Carbonated water may be the key to storing CO2 properly in concrete, according to a new study published in Communications Materials.
“The cement and concrete industries significantly contribute to human-caused CO2 emissions,” says senior author Alessandro Rotta Loria, a professor at Northwestern University, US.
“We are trying to develop approaches that lower CO2 emissions associated with those industries and, eventually, could turn cement and concrete into massive ‘carbon sinks.’
“We are not there yet, but we now have a new method to reuse some of the CO2 emitted as a result of concrete manufacturing in this very same material. And our solution is so simple technologically that it should be relatively easy for industry to implement.”
Rotta Loria, along with colleagues from Northwestern and international building materials company CEMEX, found their method was 45% efficient at storing CO2, while still preserving the strength of the concrete.
There are plenty of projects around the globe aimed at storing CO2 in concrete. Generally, these projects involve adding CO2 to wet mixes or dry blocks, so that some of the minerals inside the concrete react to become stronger compounds like calcium carbonate (CaCO3).
But many of these processes are low in efficiency, taking up very little CO2, or produce weaker concrete.
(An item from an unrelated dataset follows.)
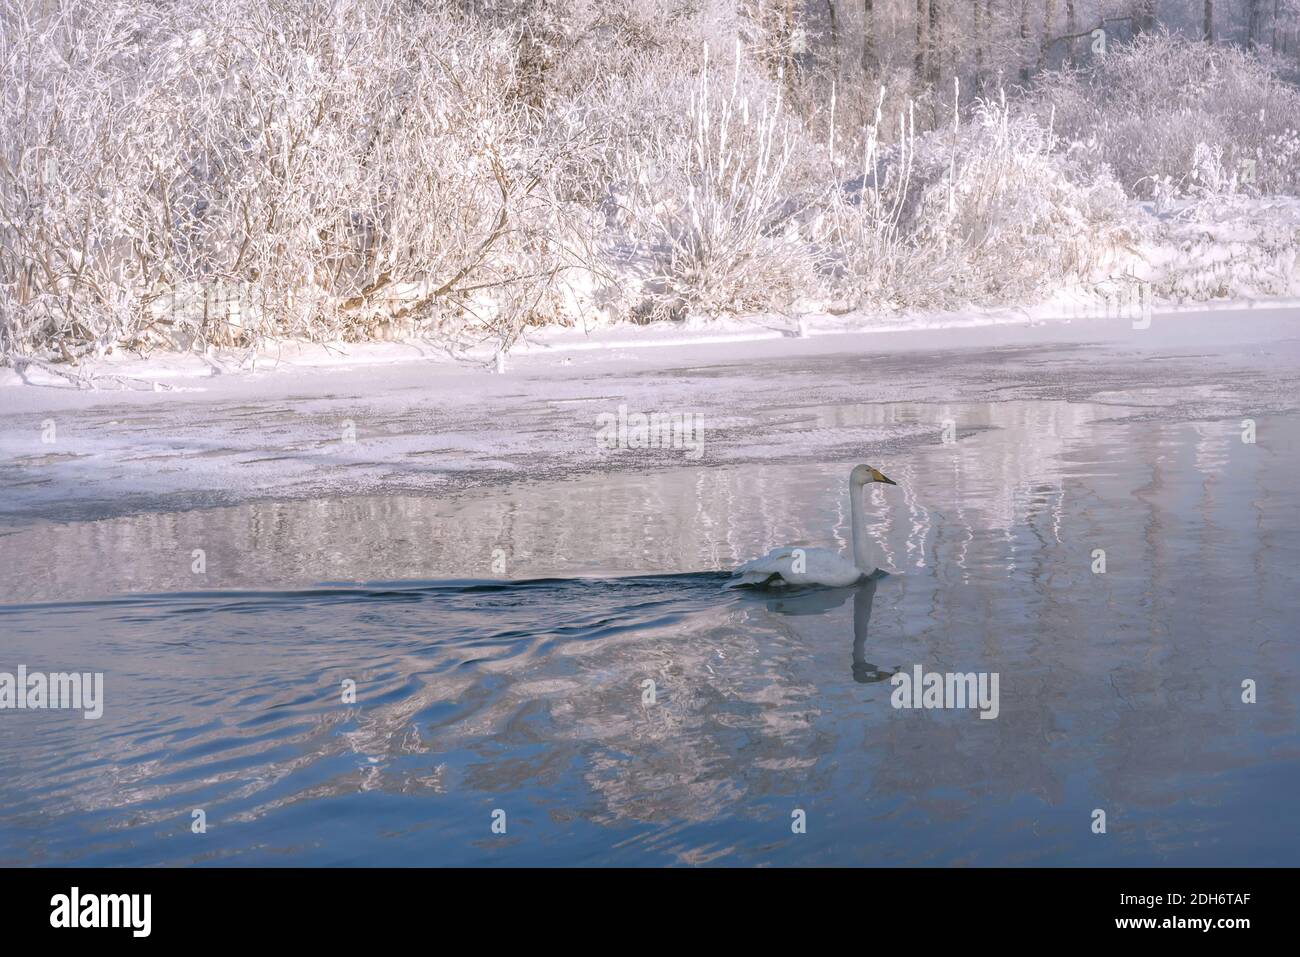 Amazing winter landscape with swan (Cygnus cygnus) swimming in the lake, snow and ice against the blue sky and white trees in hoarfrost. Altai, Russia Stock Photo

This new approach added the CO2 at an earlier step: the researchers injected the gas into water, along with a small amount of cement powder.
“The cement suspension carbonated in our approach is a much lower viscosity fluid compared to the mix of water, cement and aggregates that is customarily employed in present approaches to carbonate fresh concrete,” says Rotta Loria.
“So, we can mix it very quickly and leverage a very fast kinetics of the chemical reactions that result in calcium carbonate minerals.
“The result is a concrete product with a significant concentration of calcium carbonate minerals compared to when CO2 is injected into the fresh concrete mix.”
The researchers strength-tested their new concrete and found it comparable to commercial concrete.
“Based on our experiments, we show the strength might actually be even higher. We still need to test this further, but, at the very least, we can say that it’s uncompromised,” says Rotta Loria.
“Because the strength is unchanged, the applications also don’t change. It could be used in beams, slabs, columns, foundations – everything we currently use concrete for.”